Кроме того, «Пестрые сказки» явились самой первой пробой «фантастического» пера Одоевского, и они, конечно, были еще далеки от того понимания предмета, которое, скажем, позже вложил Достоевский в определение фантастики как «реализма в высшем смысле», да и от позднейших образцов «психологической», «естественнонаучной» фантастики самого Одоевского. Тем не менее рассуждения Иринея Модестовича Гомозейки о «величественной древности» и современности в основе своей уже пронизаны этим мироощущением и определяют самый интерес писателя к возможностям исторического и научного прогресса, занимающего его в первую очередь. Правда, возможности эти вызывают в нем скептические раздумья, ибо современный человек, «обрезавший крылья у воображения», в нынешнем своем «мышином горизонте» способен лишь составлять такие «системы для общественного благоденствия», при которых «целое общество благоденствует, а каждый из членов страдает». Вместе с тем здесь впервые звучит очень важная мысль: Ириней Модестович, по воле своего создателя, уже нечувствительно соединяет вопросы отвлеченно-философские, «мистические», с вопросами остро, злободневно-социальными.

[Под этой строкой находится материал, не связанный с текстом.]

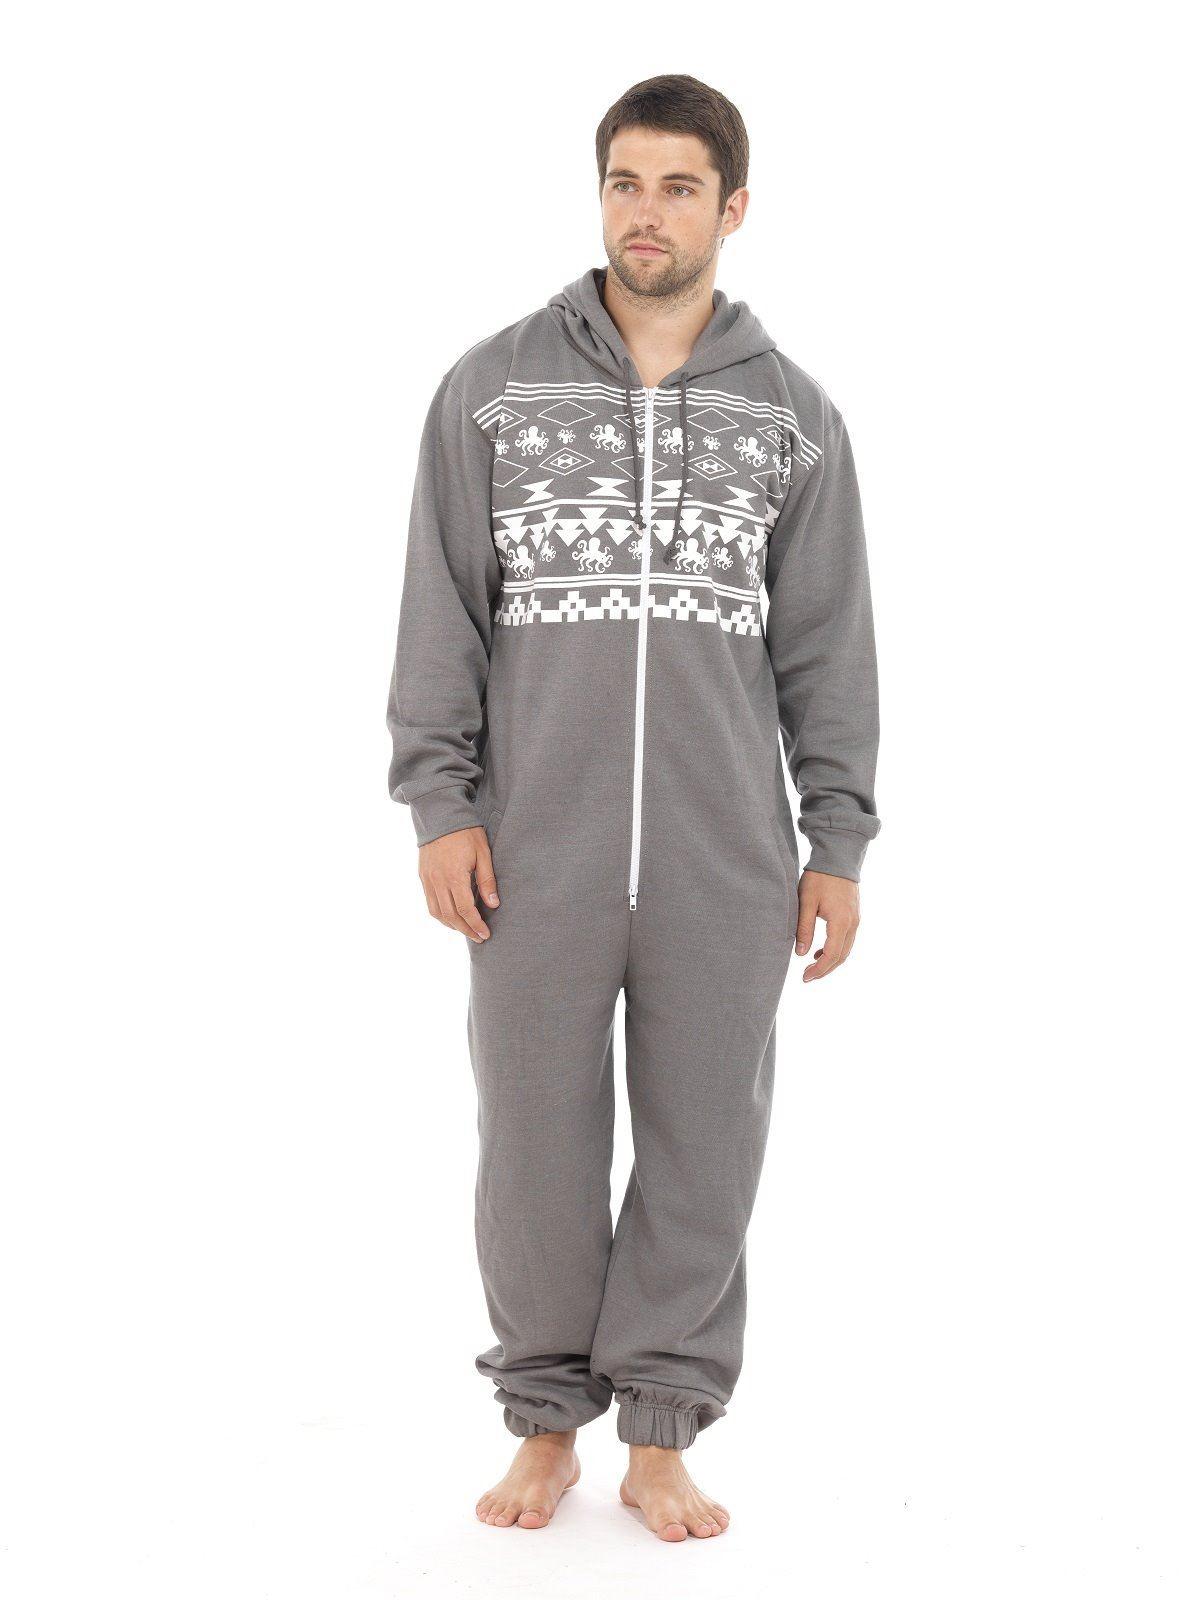 Combinaisons homme pyjama - Combinaison polaire homme ...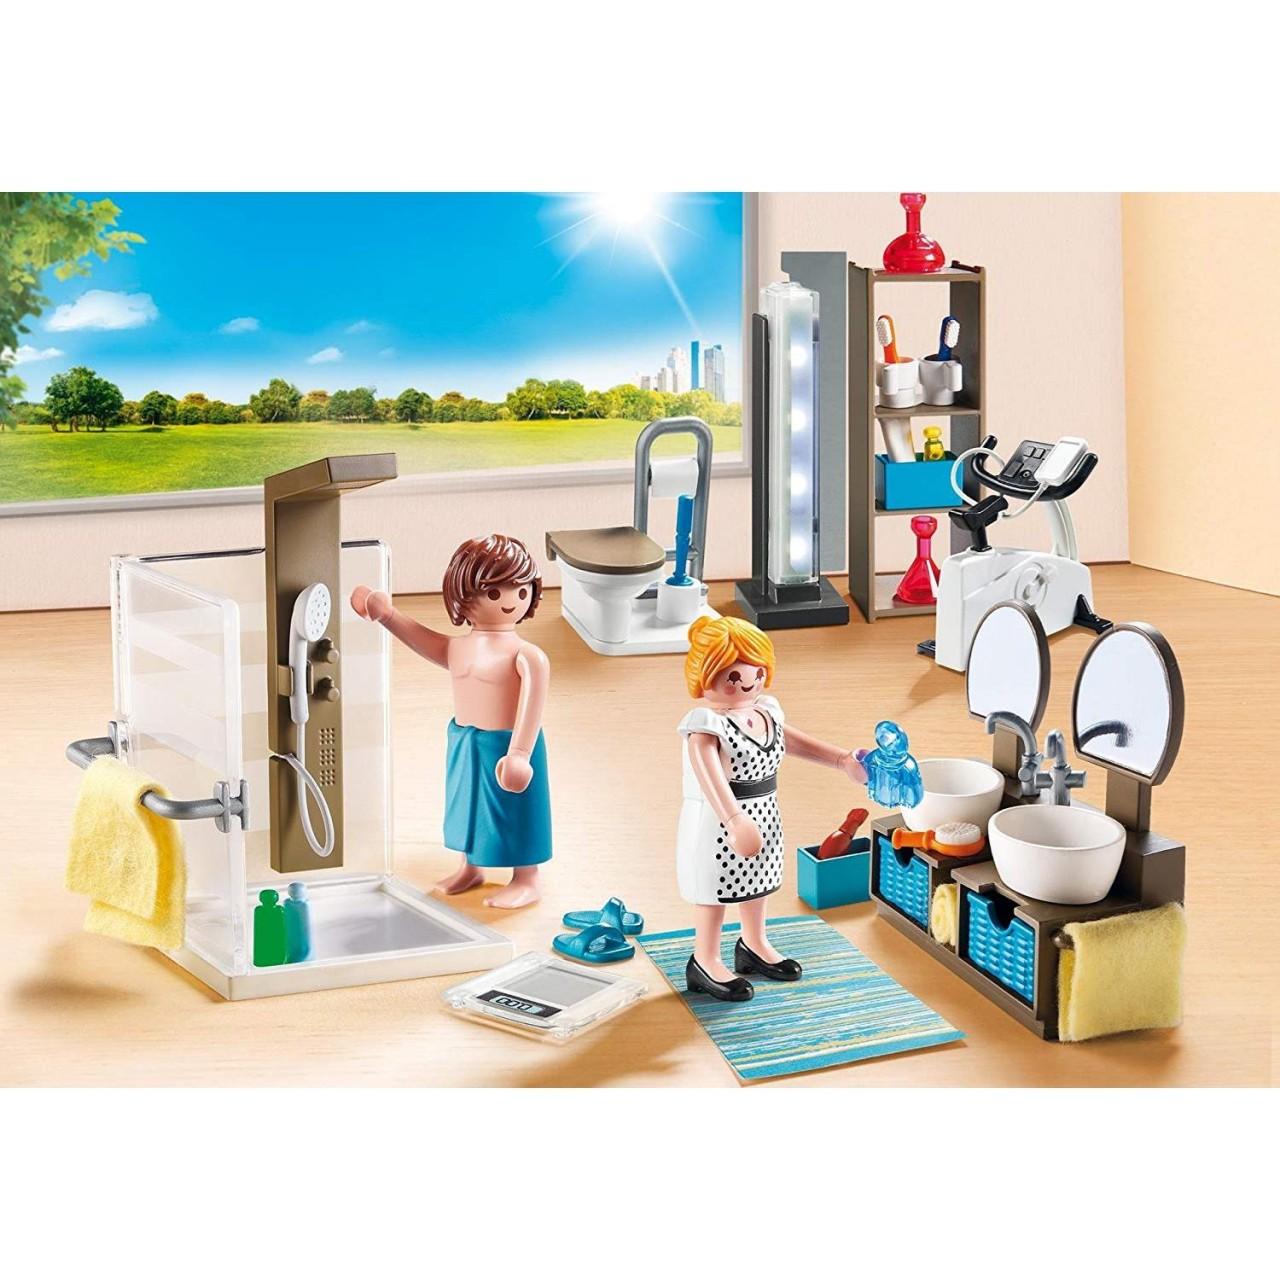 Playmobil 9268 Badezimmer

Этому, собственно, и посвящена социально-философская аллегория «Реторта». «Духота» светских гостиных, царящая в них скука, которую не в состоянии вынести даже чертенок, бессмысленность суетной жизни, стирающей смысл таких извечно прекрасных понятий, как любовь, добро, ум, — вот темы, на которые нацелено сатирическое перо Одоевского. Именно так поняла идею «Реторты» и мать писателя Екатерина Алексеевна, соотнеся ее вдобавок с личностью самого автора: «…я думаю, нет гостиной, в которой бы тебе не душно было…». К теме «гостиной» Одоевский возвращается в это время не раз. Примечательно, что обобщающие рассуждения на этот счет должны были присутствовать — кстати, в качестве прямого цитирования «неизданной биографии» Гомозейки — и в другом автобиографическом произведении: отрывке из неосуществленного романа «Катя, или История воспитанницы» (1834), безусловно примыкающем к автобиографическим замыслам и, между прочим, также опубликованном за подписью: «Безгласный». Один из не вошедших в окончательный текст отрывков как раз и посвящен столь волновавшей писателя, очень личностной для него проблеме: «Многие из наших писателей, как весьма основательно замечает мой почтенный приятель Ириней Модестович Гомозейко в неизданной своей биографии, — ас ними и я, их ревностный подражатель, — очень любят нападать на гостиные. Это занятие очень легко и очень выгодно. Вы браните гостиные — всякий думает, что вы человек кабинетный. А все вздор! Байрон и в гостиной Байрон; господин А, Б, С, Д и в кабинете господин А, Б, С, Д. Так нет! учредили закон: если ты ученый, если ты философ, то не заглядывай в гостиную, если ты человек светский, то не заглядывай в кабинет. От этого похвального постановления все люди, а иногда один и тот же человек, разделились на две половины, из которых одна другую не понимает; что делается в кабинете, над тем смеются в гостиной, что делается в гостиной, о том не знают в кабинете; к чему приготовляет воспитание, то избегается в свете, что читается в книгах — то в книгах и остается; между наукою и жизнию, между искусством и жизнию — целая бездна».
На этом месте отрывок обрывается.